Content starts

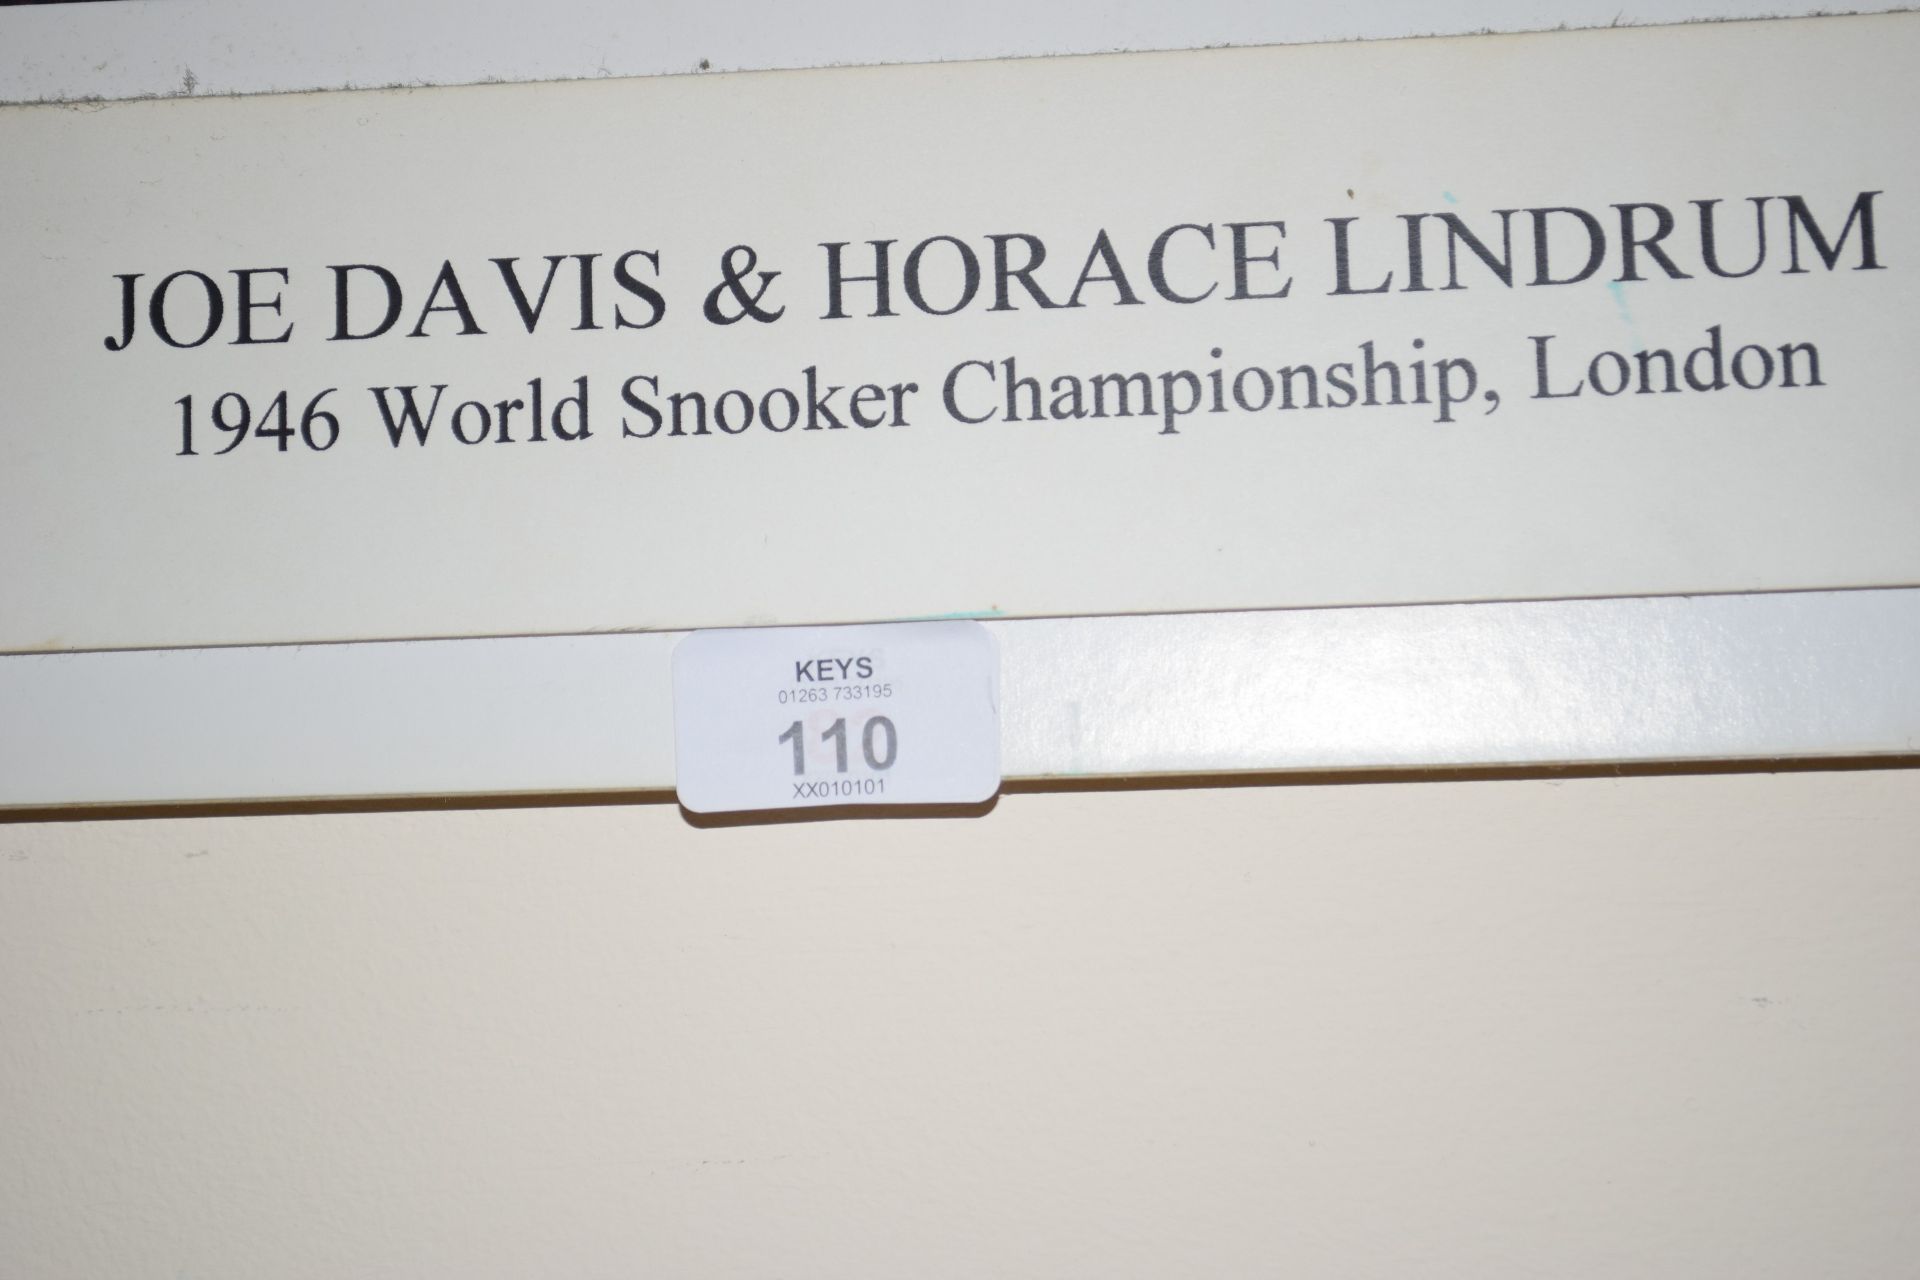 Poster of Joe Davis and Horace Lindrum 1946 World Snooker Championship in London, width 103cm - Image 2 of 2
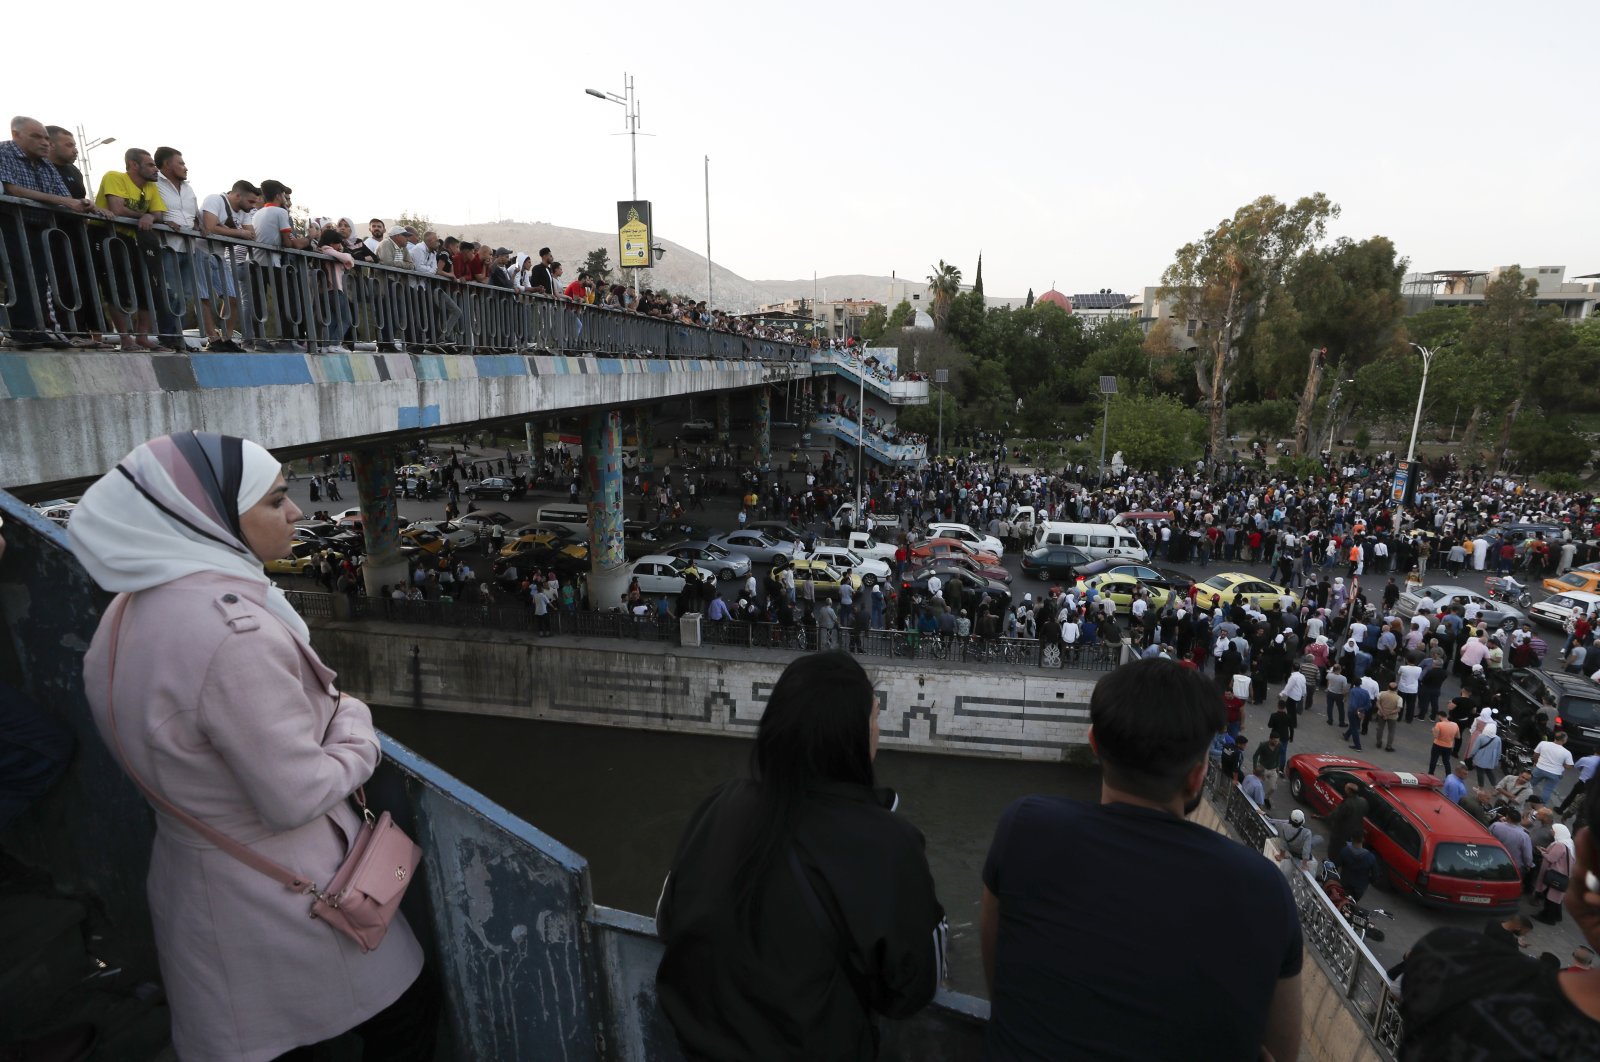 Dozens of Syrians wait at the President&#039;s Bridge in Damascus for relatives they hope would be among those released from prison, Syria, May 3, 2022. (AP Photo)
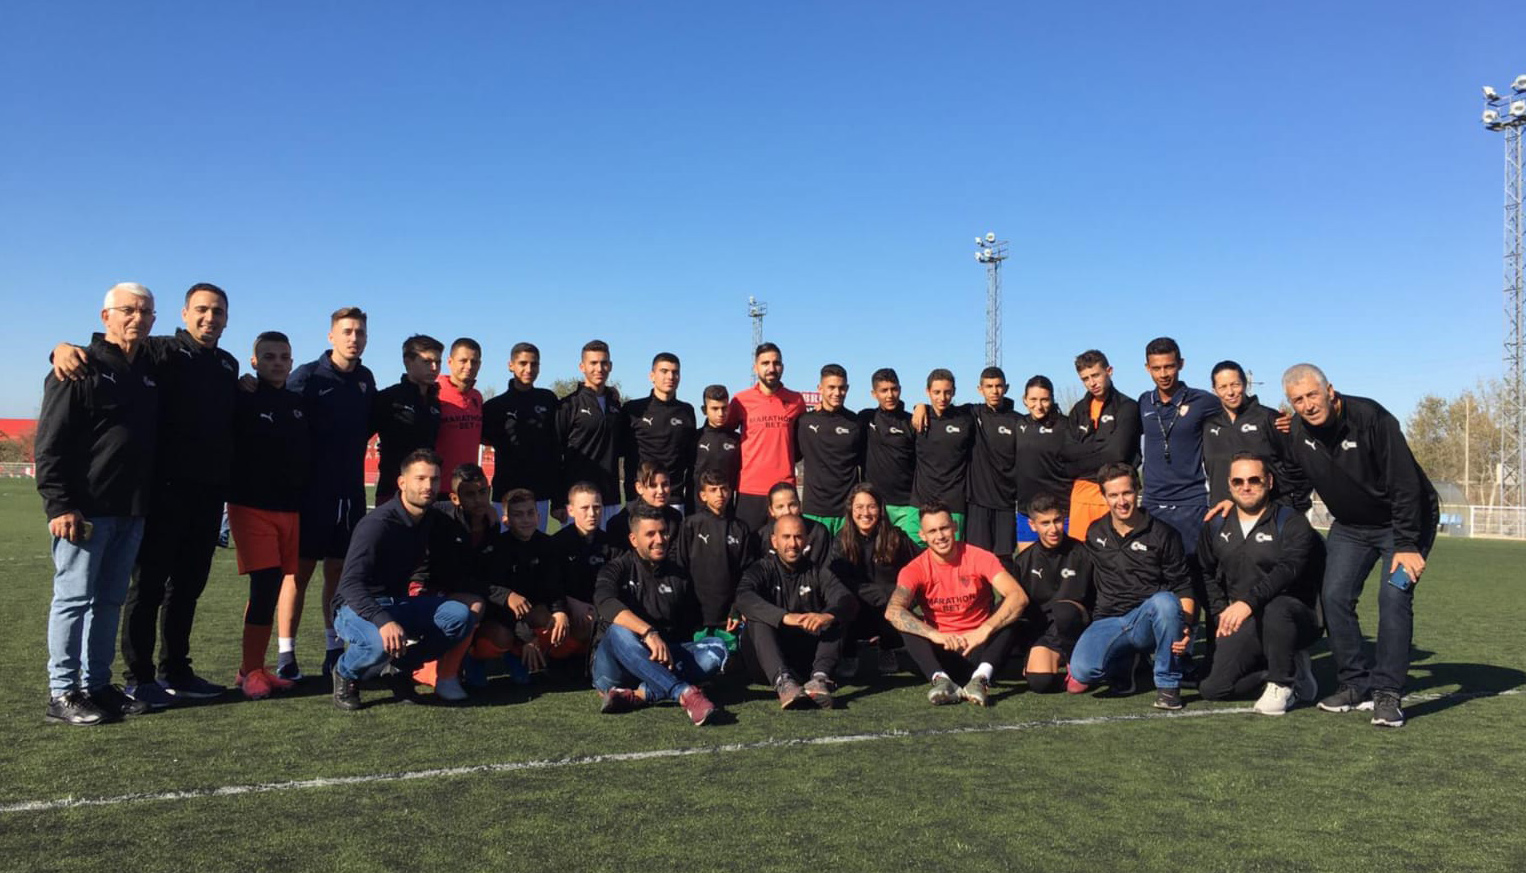 The Israeli footballers took part in a training session at the training ground
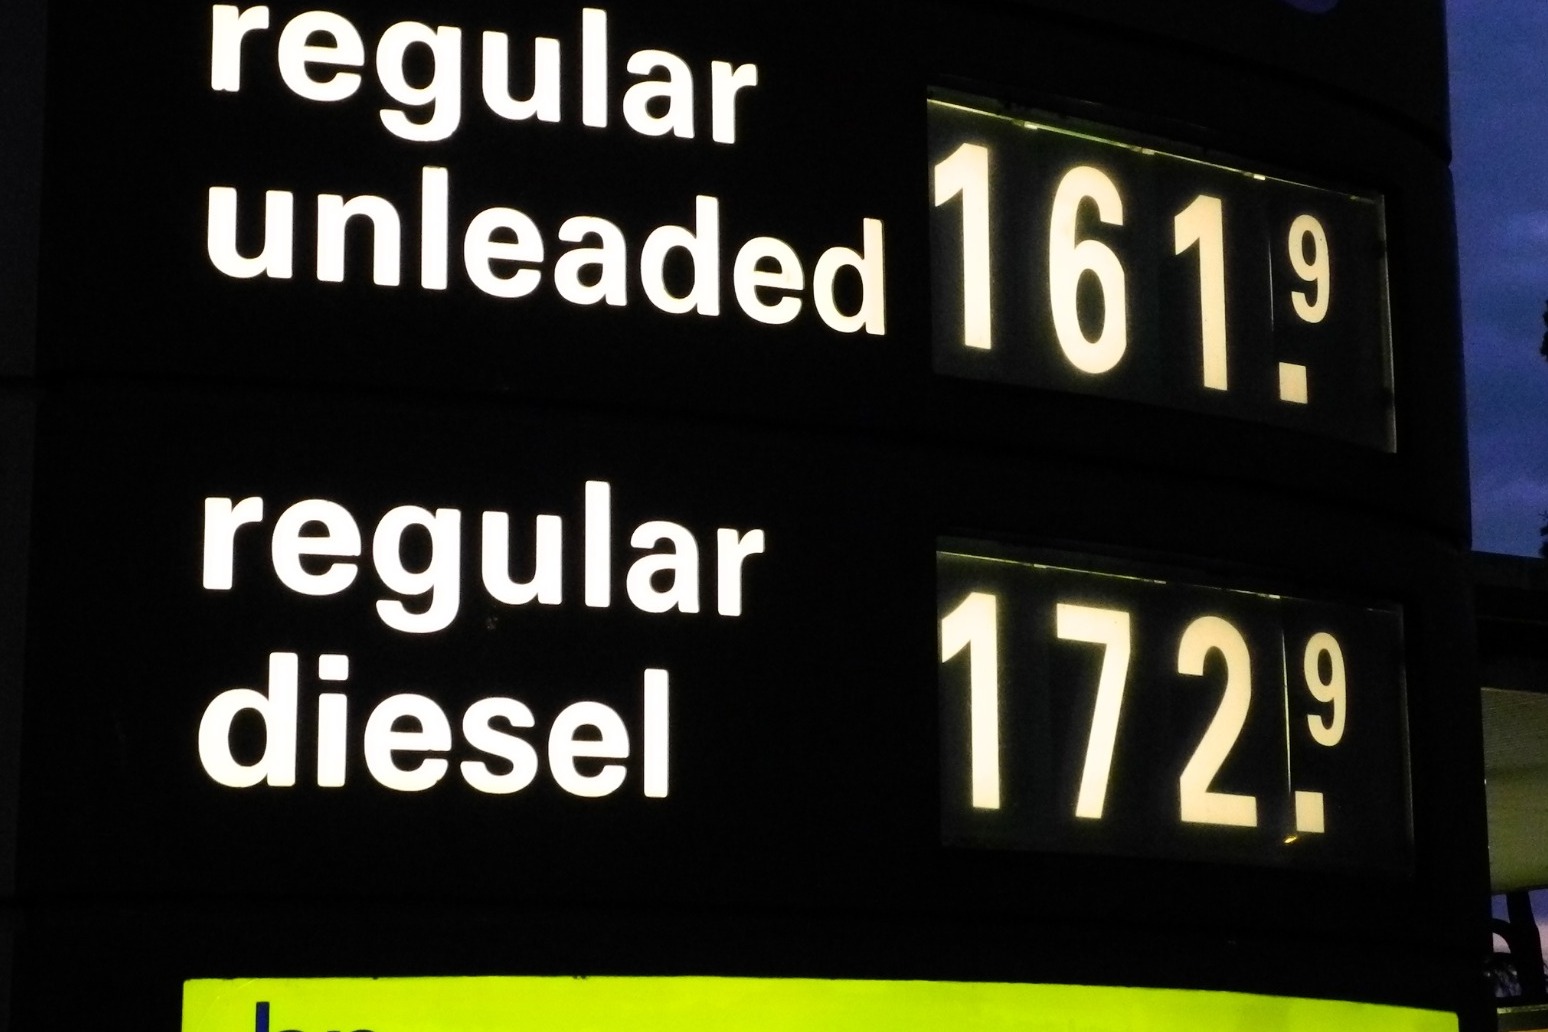 Families hit by rise in annual petrol costs of nearly £400 – Labour

Content ends

What to do -> Omit the pictures, then print the rest of the listing above exactly.

Output ->
 Poster of Joe Davis and Horace Lindrum 1946 World Snooker Championship in London, width 103cm - Image 2 of 2
 Dozens of Syrians wait at the President&#039;s Bridge in Damascus for relatives they hope would be among those released from prison, Syria, May 3, 2022. (AP Photo)
 The Israeli footballers took part in a training session at the training ground
 Families hit by rise in annual petrol costs of nearly £400 – Labour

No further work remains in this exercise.